After dismissing us from the courtroom’s confines, the officer on standby multiplied to accommodate one for each of the guilty. They came to our sides with scant breathing room between us. How dangerous we two must appear: I, short and slight, Jay, lanky and quivering, to require armed escorts. Our locked wrists weapons in waiting.
With haste, the judge left out his designated back door to drop his haggard body back on a mattress. Inconveniencing him as I already was, I wished further he’d never rest well for the remainder of his life. I wanted vengeance for what he destined for me. He’d be dead long before I’d be free from his influence. I couldn’t understand how this was “justice” if I was the only one that had to see the outcome of our decisions through to the end.
Ushering us out of the marble halls and onto the pavement, we were hauled into the back of a police car with windows I only saw my reflection in. The officer assigned to me opened the door for my entrance, before grabbing my shoulder and shoving me down into the seat. A near miss of greeting my face with the frame. I expressed my upset with an indignant grimace that he eluded by the slam of the door.
It was a chilly night and the leather interior held the cold. The police in the passenger seat put coordinates into the square screen on the dash causing an aerial view of our city to display a red route. I was certain that the 62 number on the right upper corner specified the minutes the journey would take. Settling in for the distance as well as I could, I leaned back against the seat, face toward the window. I planned to watch the scenery pass and try not to have expectations for the future beyond that. Thinking about it in terms of letting my cynicism run rampant would only make me sick with dread, but if I tried to keep hopeful then reality would crush my spirit twofold. It was better to consider nothing at all when I could suppress the natural urge to.
Carried by the highway down the city’s center, I pressed my cheek against the window to look as far up the sides of the passing skyscrapers as I could cram my neck. Some were tall dark rectangles against the sky, others torched by advertisements in neon. I’d seen the cityscape near-daily and I was opposed to missing what could be my last opportunity to take it all in: the hazy glow of the night tempered by the sunrise, the breeze whistling as it slid between buildings, the cautionary beeps of the crosswalk. I never cared to pay attention, yet, knowing these sights would soon be inaccessible to me made them different. Important was the word I fished up. They weren’t though, not in any distinct way besides wanting for what I knew I couldn’t have. Everyone else would continue on without any special notice of their surroundings, even when I wasn’t a part of it anymore.

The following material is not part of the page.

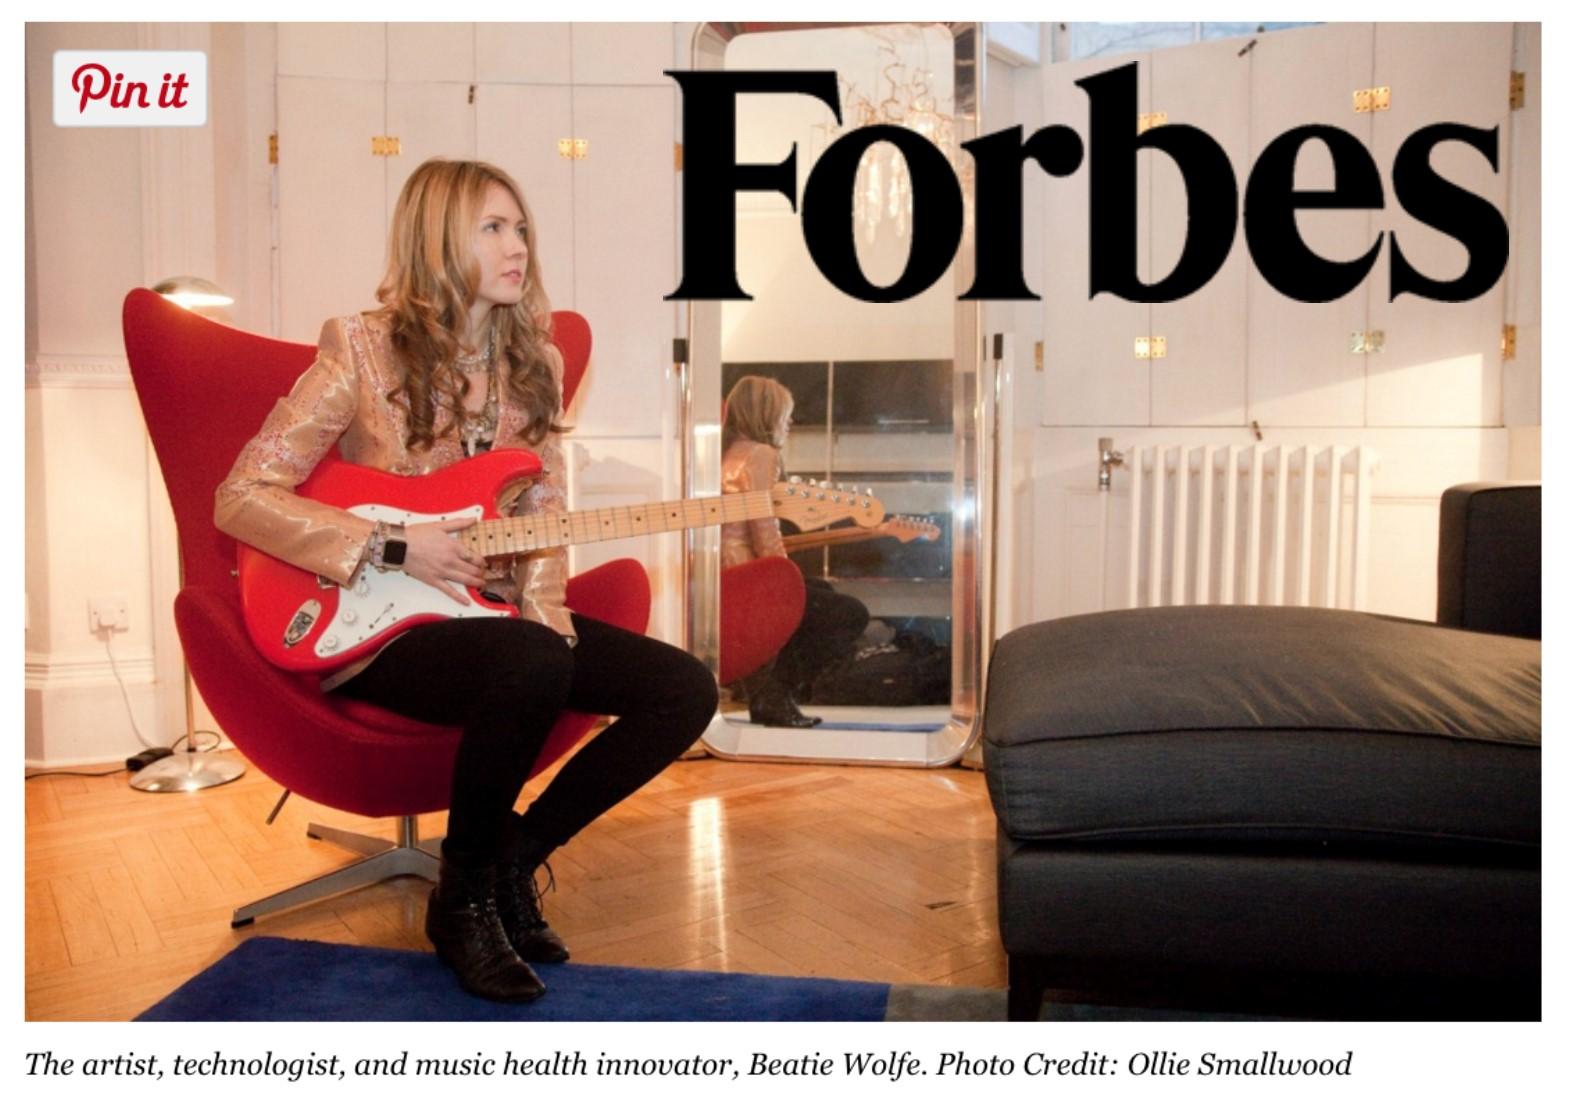 Beatie Wolfe in Forbes

We passed the garish shopping centers and the three to four-story mansions that made up the residential. Green lawns with marble fountains greeted those who entered at the same time as the goliath houses showed off their slick new vehicles from the driveways. Everything was constructed around the central goal of boasting. The standards of the city-state were presentation, prestige, and perfection. I grew up surrounded by the fragile ivory decor, but I always knew the sofa’s cushions were more comfortable underneath the plastic protector. Living inside the city-state’s territory granted prosperity under the caveat that your life plan revolved around fulfilling the responsibilities that had been presented to you. Your work, your house, and even components of your marriage were collectively ordained by family and voted on by the community. A group effort to clad you in whatever weighty attire they thought fit. In my house, the dedication to tradition was admirable. Somehow my parents managed to manufacture three kids despite never speaking with one another. My two siblings, shepherded by the populace, had already moved on to pursue the careers they’d matched with. I, on the other hand, didn’t see the point of a home with 50 rooms if 45 of them were closed off; unused and hollow. On the other side of things, my siblings had their mansions and families to call their own, and I一 I was headed to Inertia with little more to say for myself other than “so long.”

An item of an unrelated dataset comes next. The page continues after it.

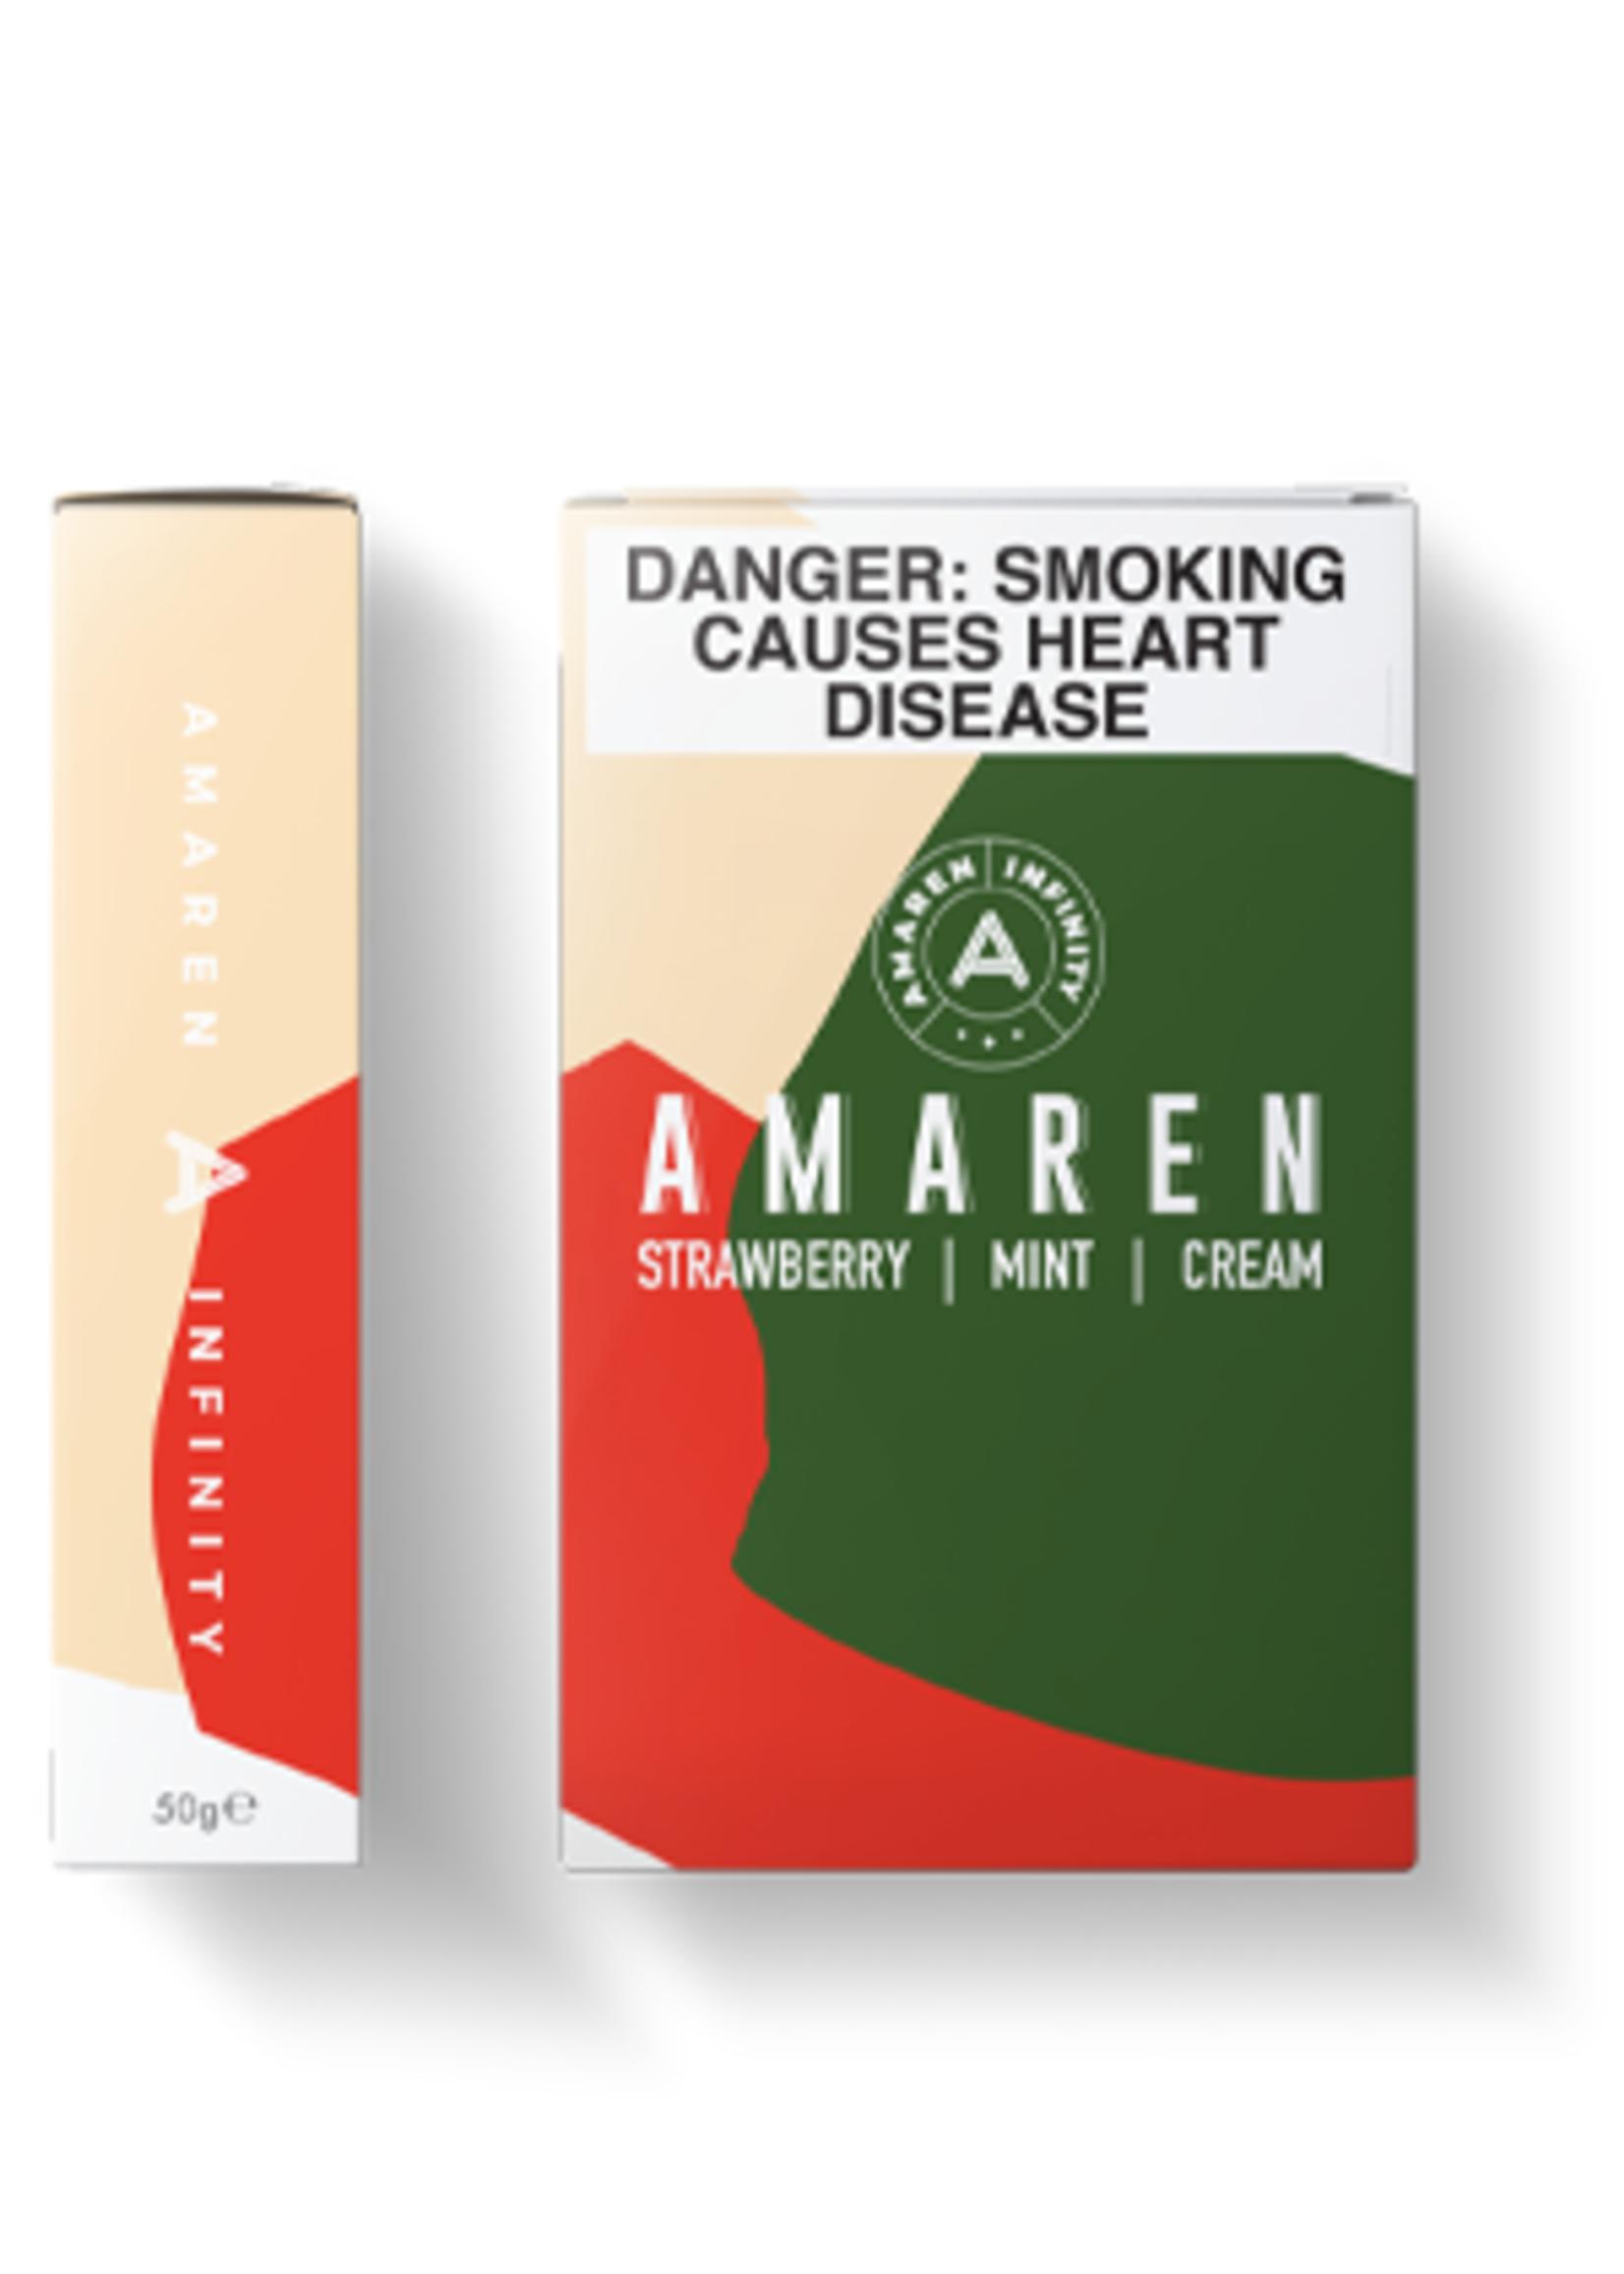 Amaren hubbly flavour - strawberry mint cream

Seated at my side, Jay’s face was still tucked in his palms. I debated informing him he was missing his chance at a last, valedictory glance, but thought better of it. He was hanging on by a thread (and I was being generous in giving him that much) threatening to snap if he so much as glimpsed at what was being left behind. If looking led to an attempt to barrel roll out the side door, I wouldn’t want to be his instigator. I wasn’t looking to extend my time stewing in anticipation any longer when they would inevitably give chase or result to peeling him off the road.